In 2015, the New Zealand Parliament introduced the Harmful Digital Communications Act 2015 (HDCA) to tackle different forms of online abuse under one consolidated law. The legislation makes it a criminal offence to post a harmful digital communication, with a maximum sentence of 2 years’ imprisonment. There are, however, significant limitations, including its failure to criminalise digitally altered images or threats to distribute images, as well as untenable harm thresholds which allow many acts of image-based sexual abuse to fall through the legislative cracks. In response to widespread calls for law reform, in mid-2020 the Harmful Digital Communications (Unauthorised Posting of Intimate Visual Recording) Amendment Bill was proposed, which, if adopted, would bring some welcome changes. At the time of writing, the Bill is yet to come before the Committee of Whole House although it had undergone a Justice Committee review, which recommended a series of amendments (which we briefly discuss in the final section of the article).

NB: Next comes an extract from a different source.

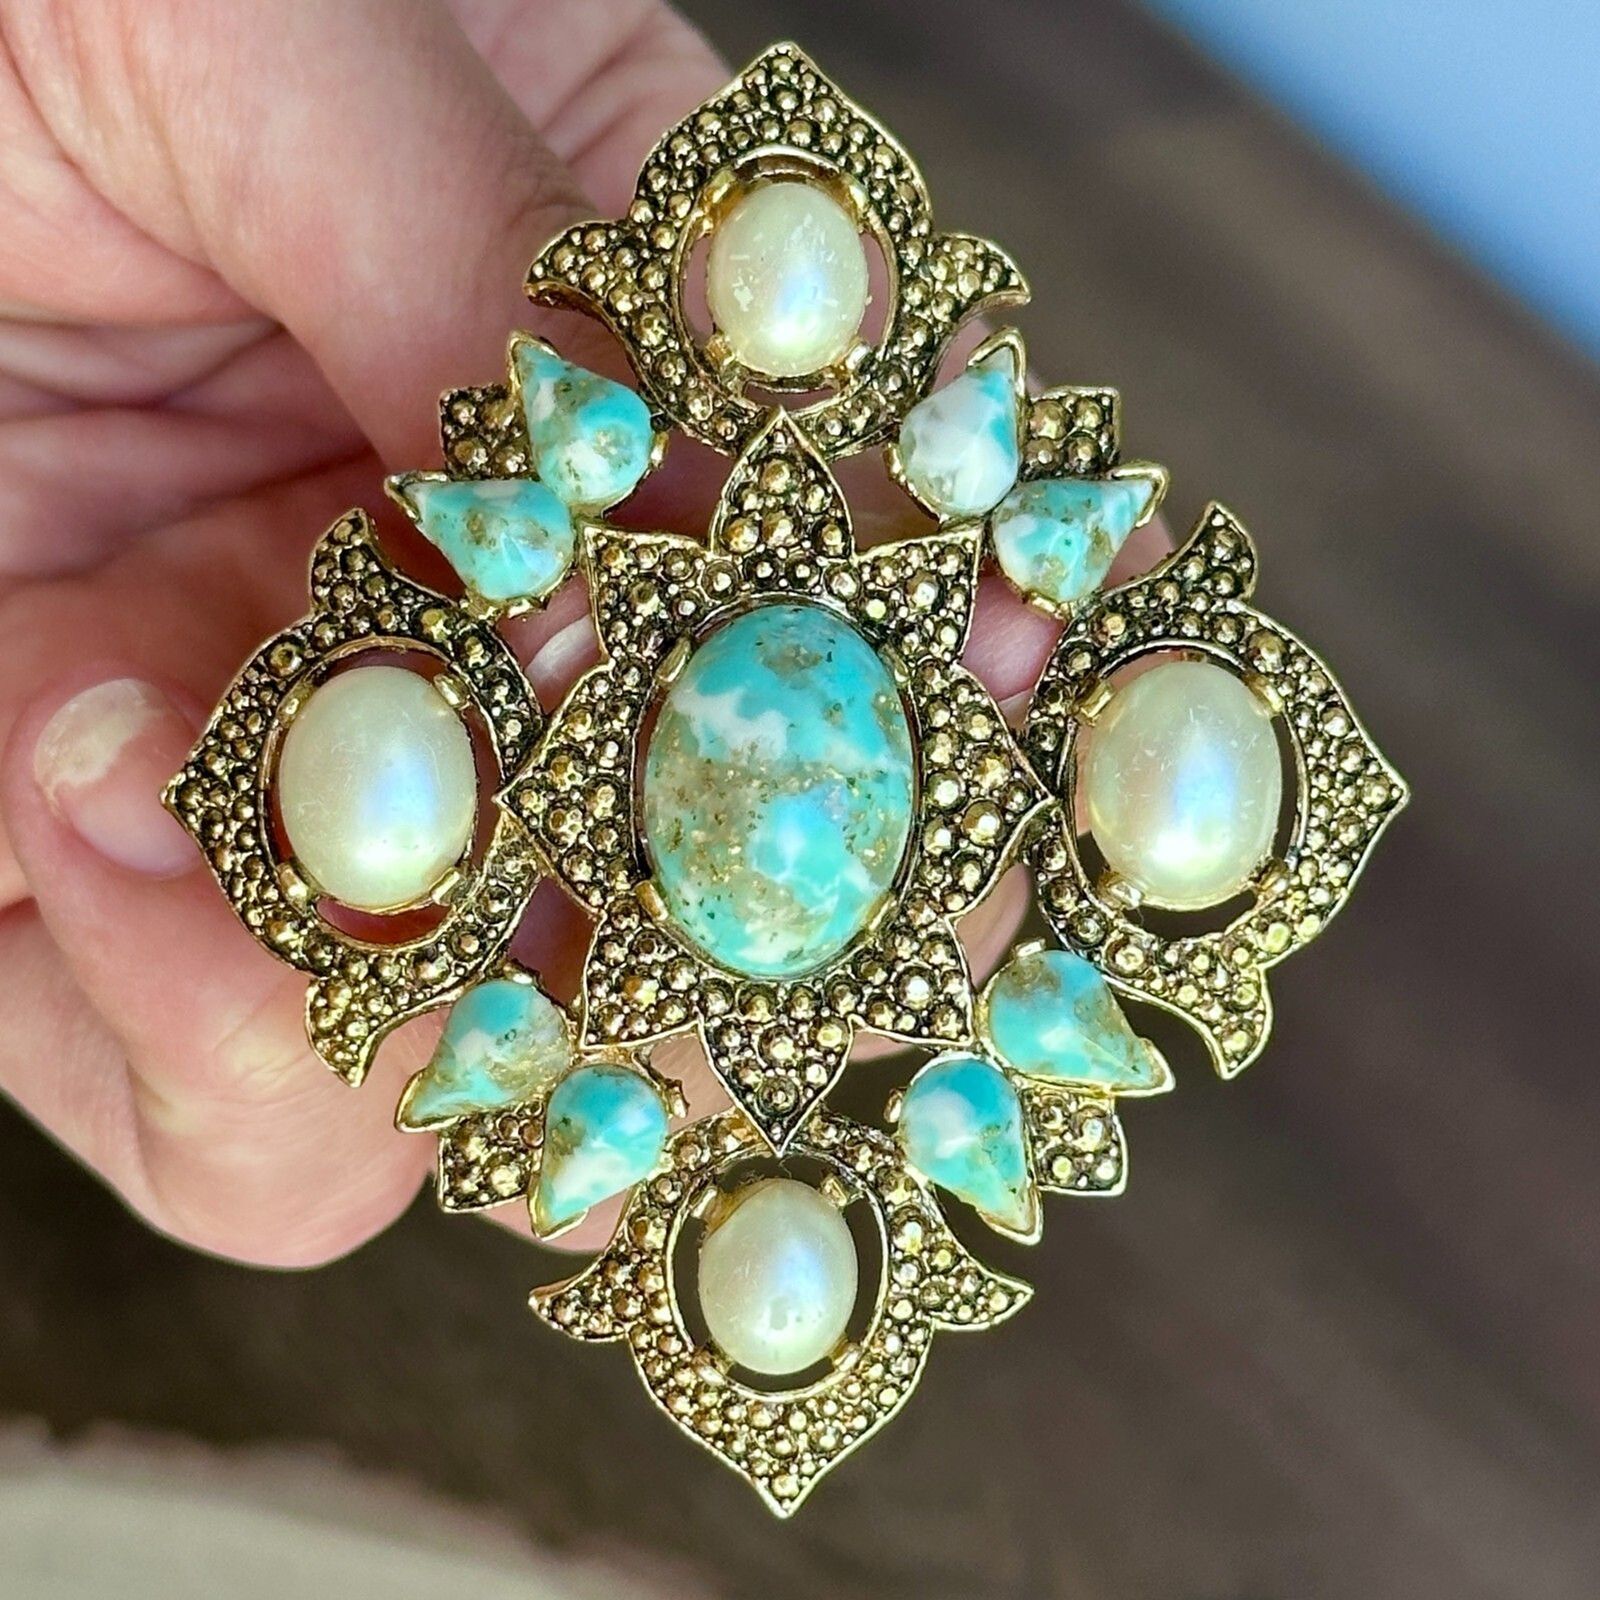 VINTAGE Sarah Coventry 1968 Remembrance Collection Brooch Faux Turquoise Pearl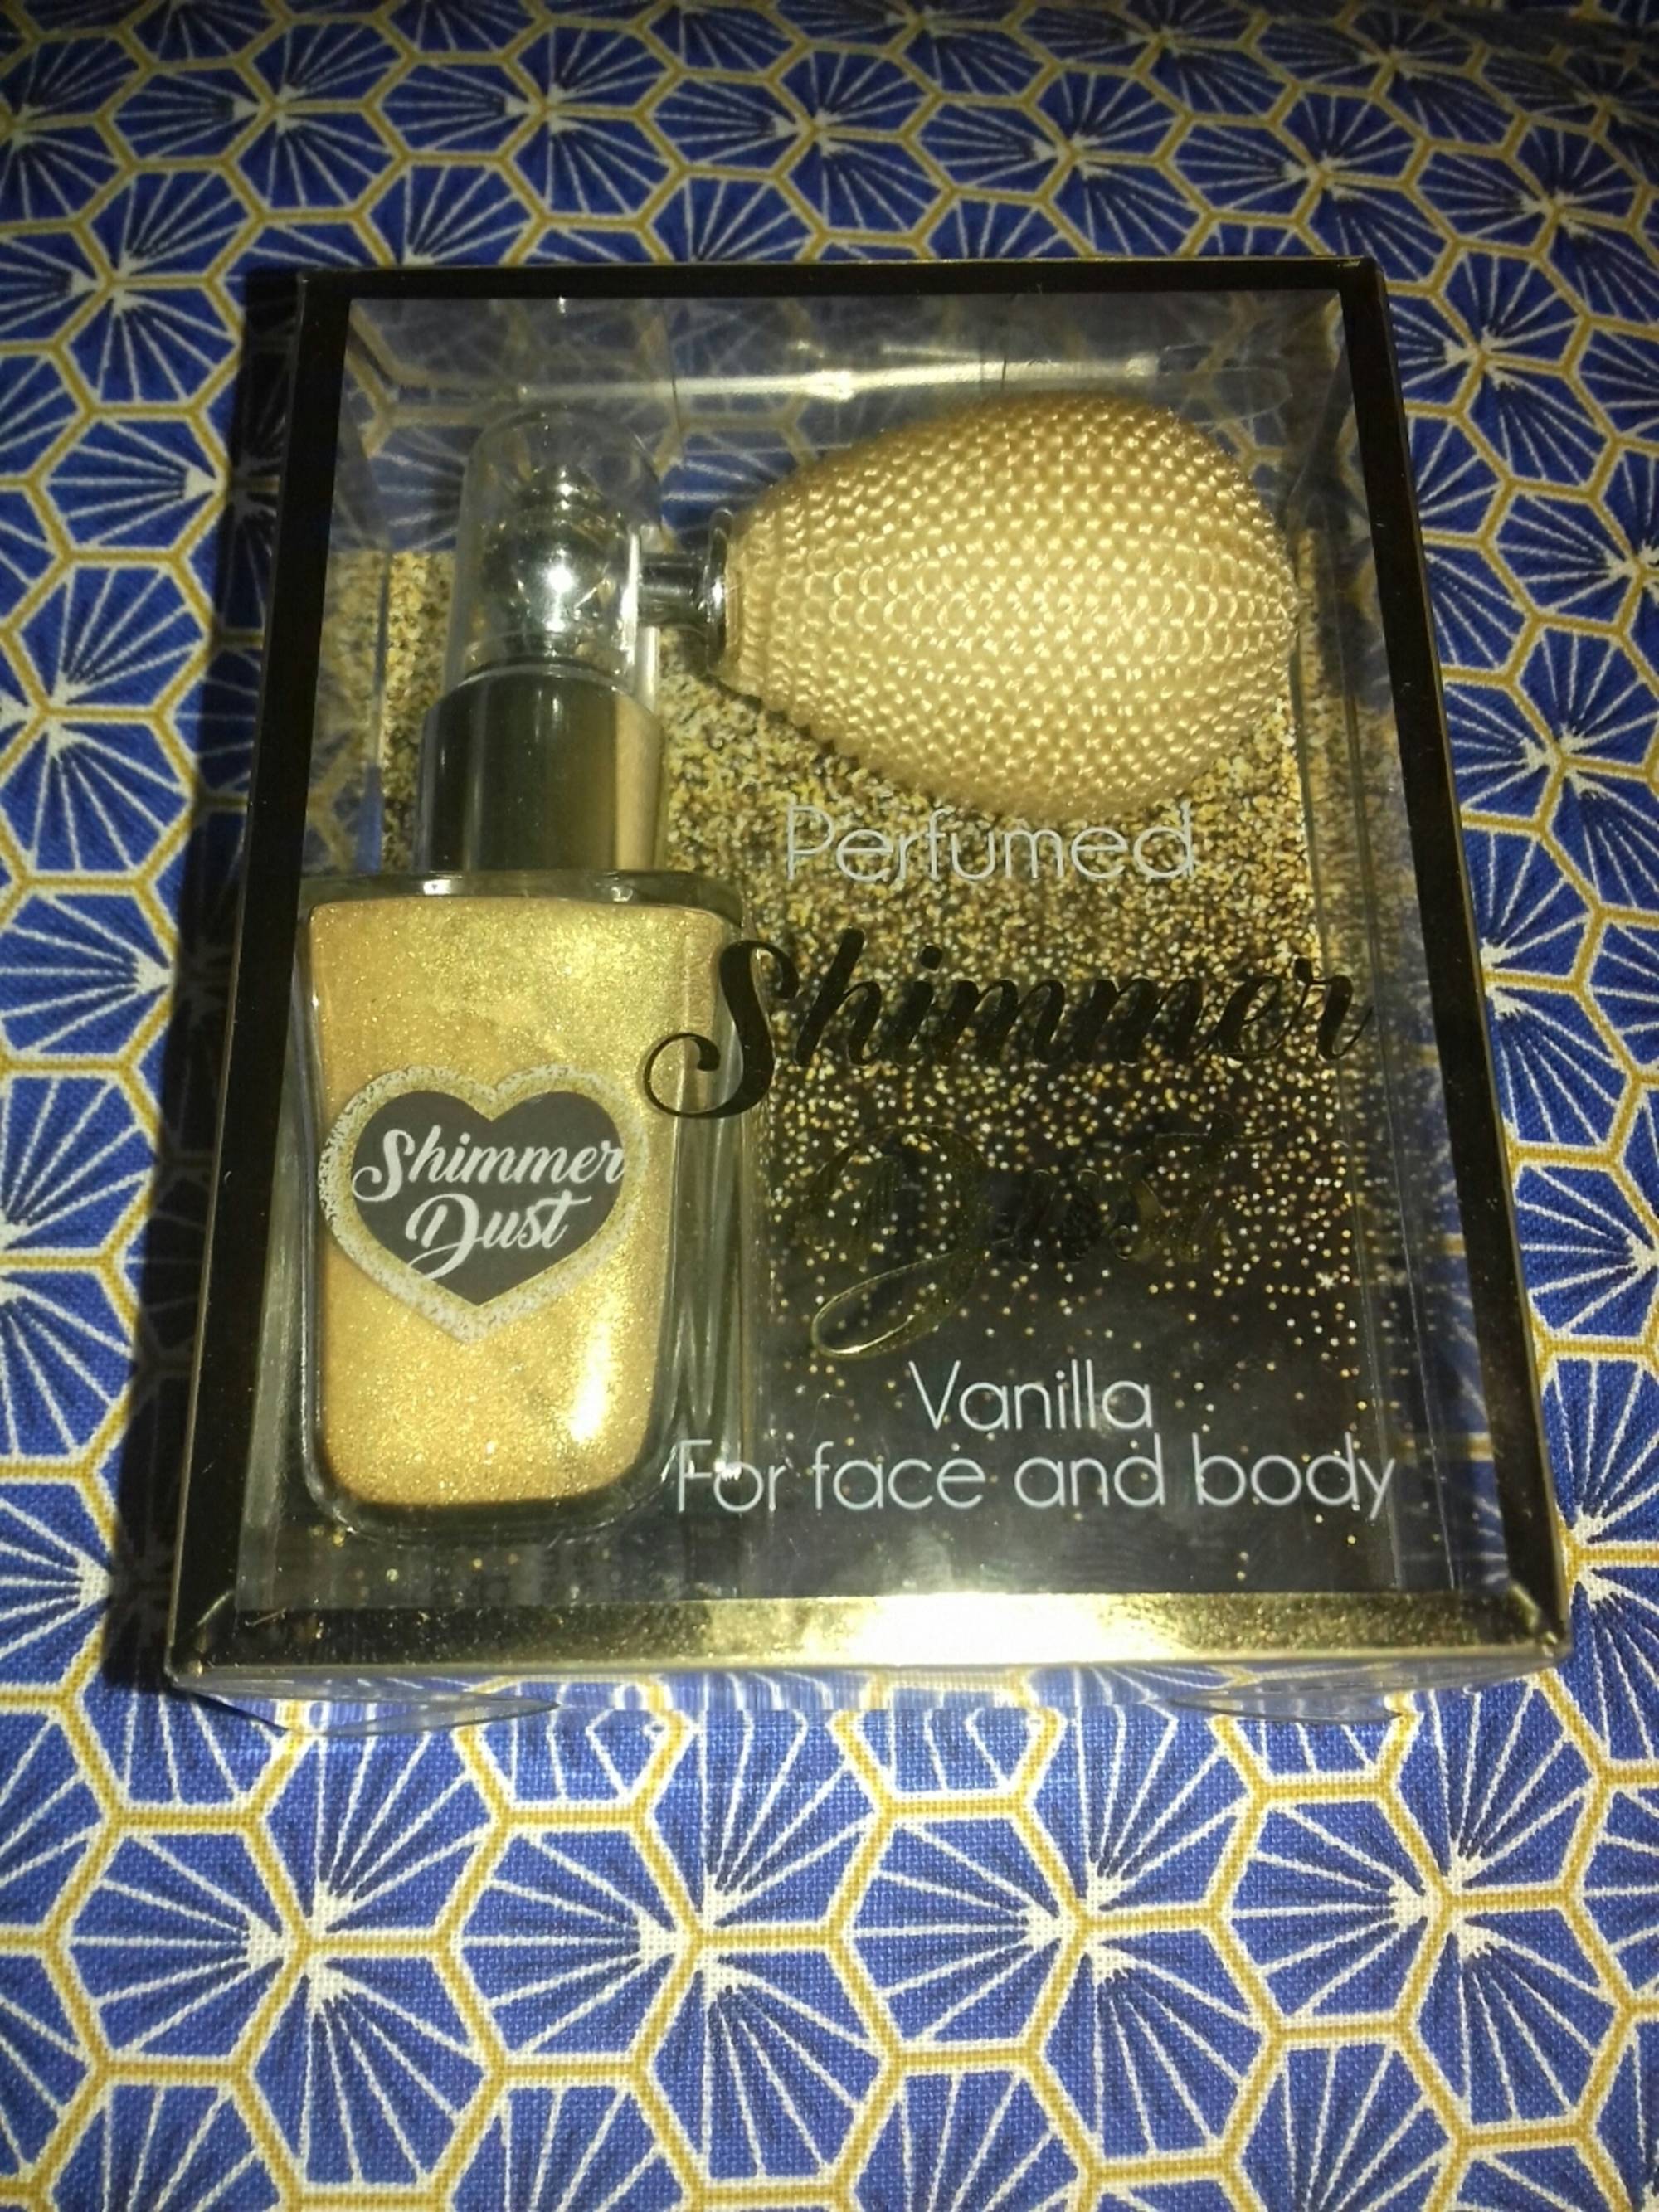 MAXBRANDS - Perfumed shimmer dust vanilla for face and body

In this article, we focus on justice, redress and support in the New Zealand context. Drawing on data from a larger Australian-New Zealand-UK project that examined the pervasiveness, nature and impacts of image-based sexual abuse (see Henry et al., 2021), the article outlines the key findings from qualitative interviews conducted with 25 New Zealand adults who had experienced image-based sexual abuse. We first review the research literature on image-based sexual abuse in New Zealand and describe the methodology for the study. In the second section, we provide an overview of the range of experiences of image-based sexual abuse that victim-survivors reported. Third, we outline the reported impacts of image-based sexual abuse, examining participants’ experiences navigating various avenues for justice, redress and support that are available in New Zealand. In the final section of the article, we discuss participants’ reflections on their justice interests. We conclude by arguing for comprehensive civil and criminal legal responses, wider community education and prevention initiatives, as well as sustained resourcing for support organisations.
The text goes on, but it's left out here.